TO DO: Leaving the pictures aside, restate all of the data exactly.

INFORMATION SUPPLIED:
════════════════
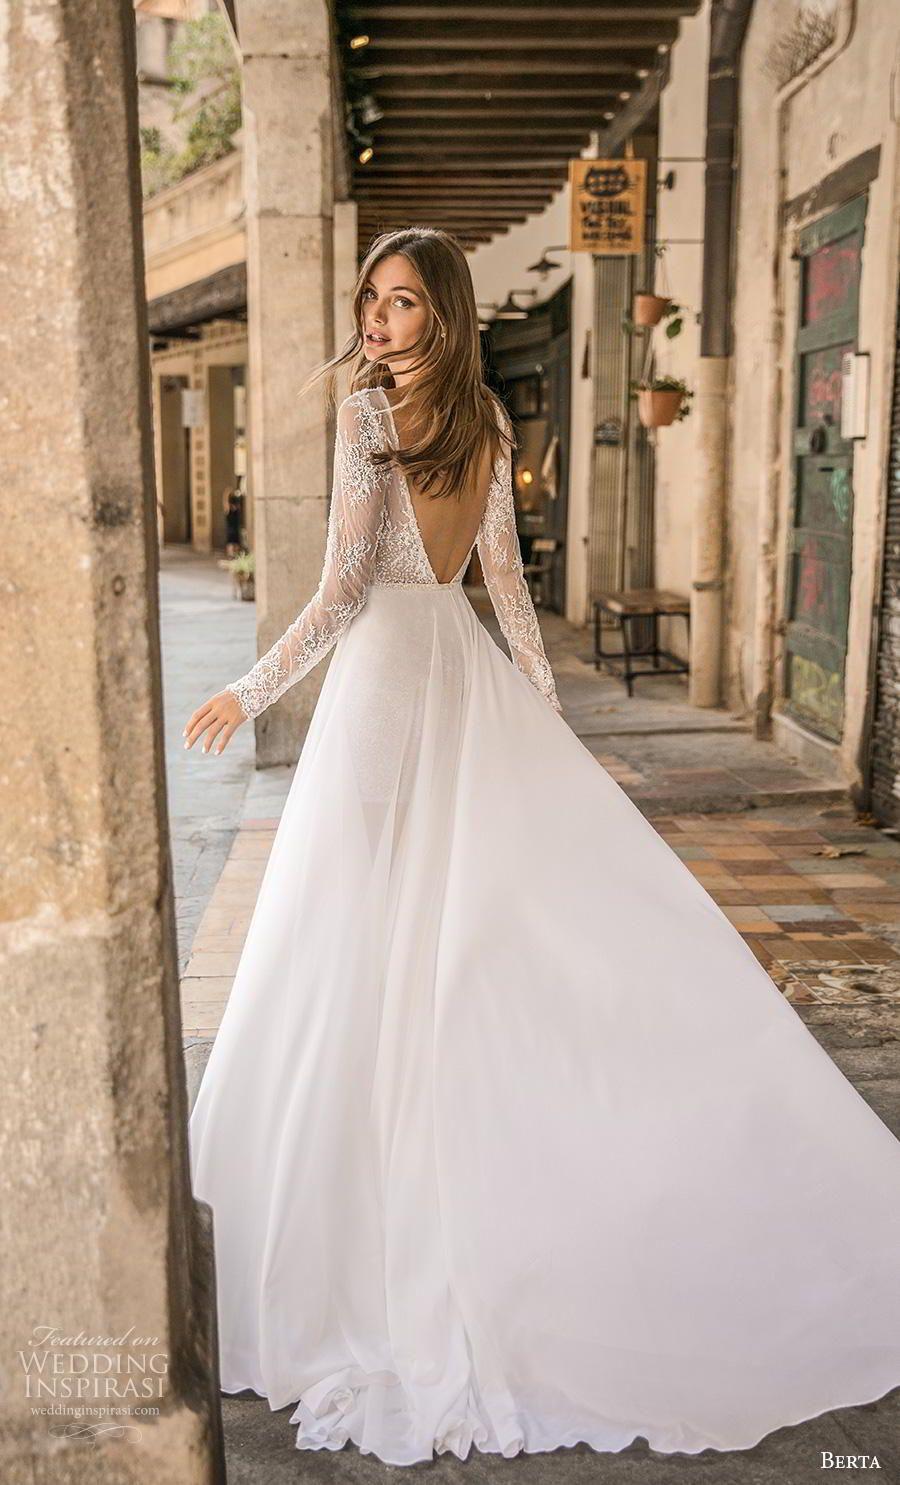 Muse by berta ucbarcelonaud wedding dresses in wedding
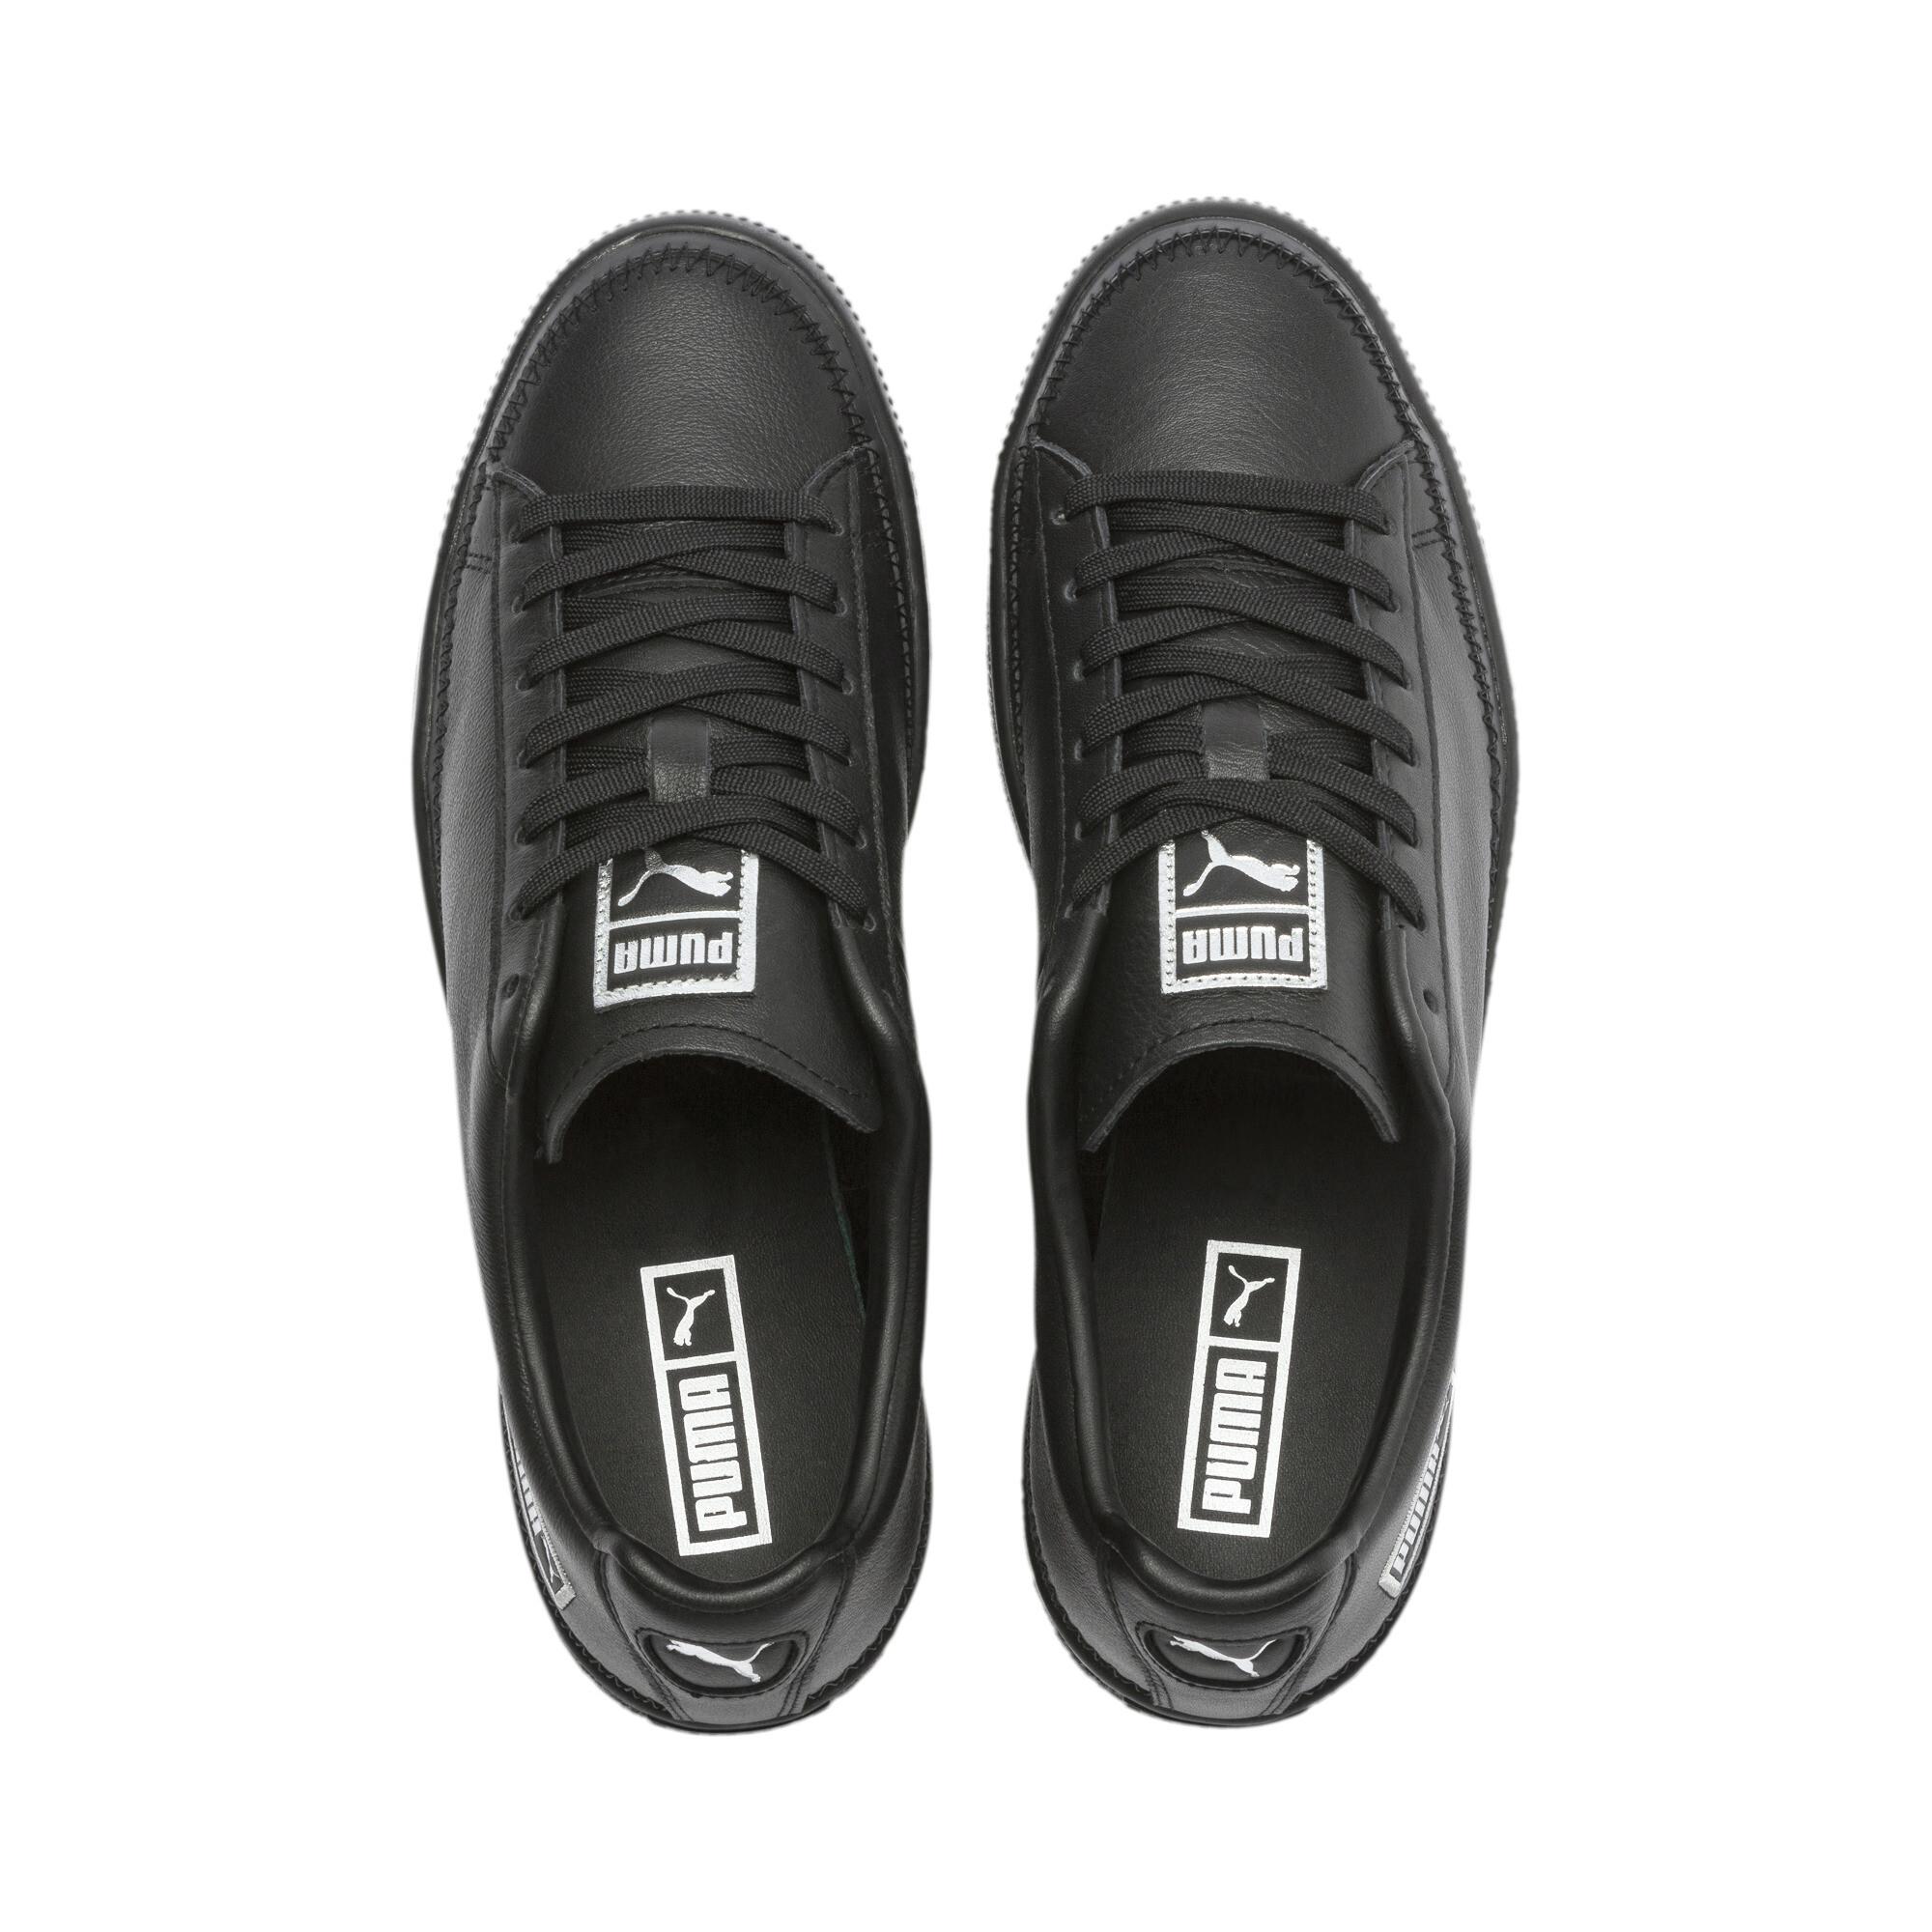 Indexbild 19 - PUMA Basket Stitch Sneaker Unisex Schuhe Neu
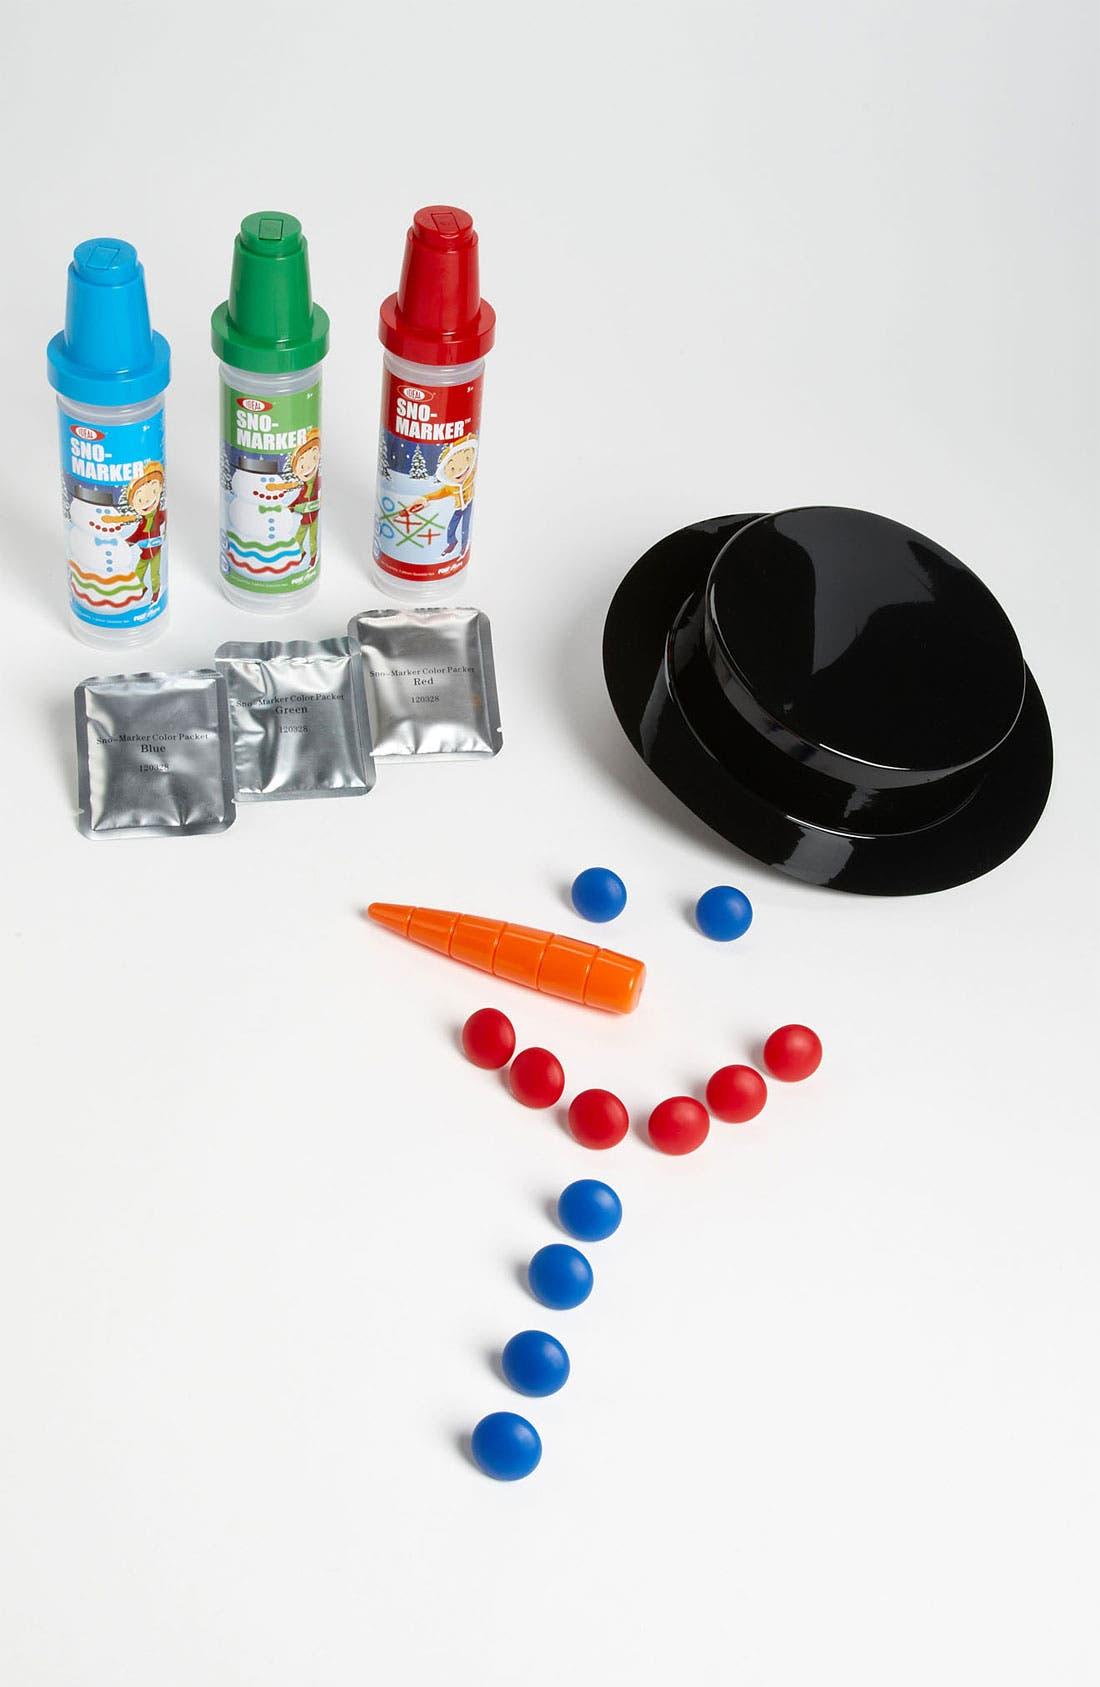 Alternate Image 1 Selected - Poof-Slinky Snowman Paint Kit
════════════════
EXERCISE OUTPUT:
 Muse by berta ucbarcelonaud wedding dresses in wedding
 Indexbild 19 - PUMA Basket Stitch Sneaker Unisex Schuhe Neu
 Alternate Image 1 Selected - Poof-Slinky Snowman Paint Kit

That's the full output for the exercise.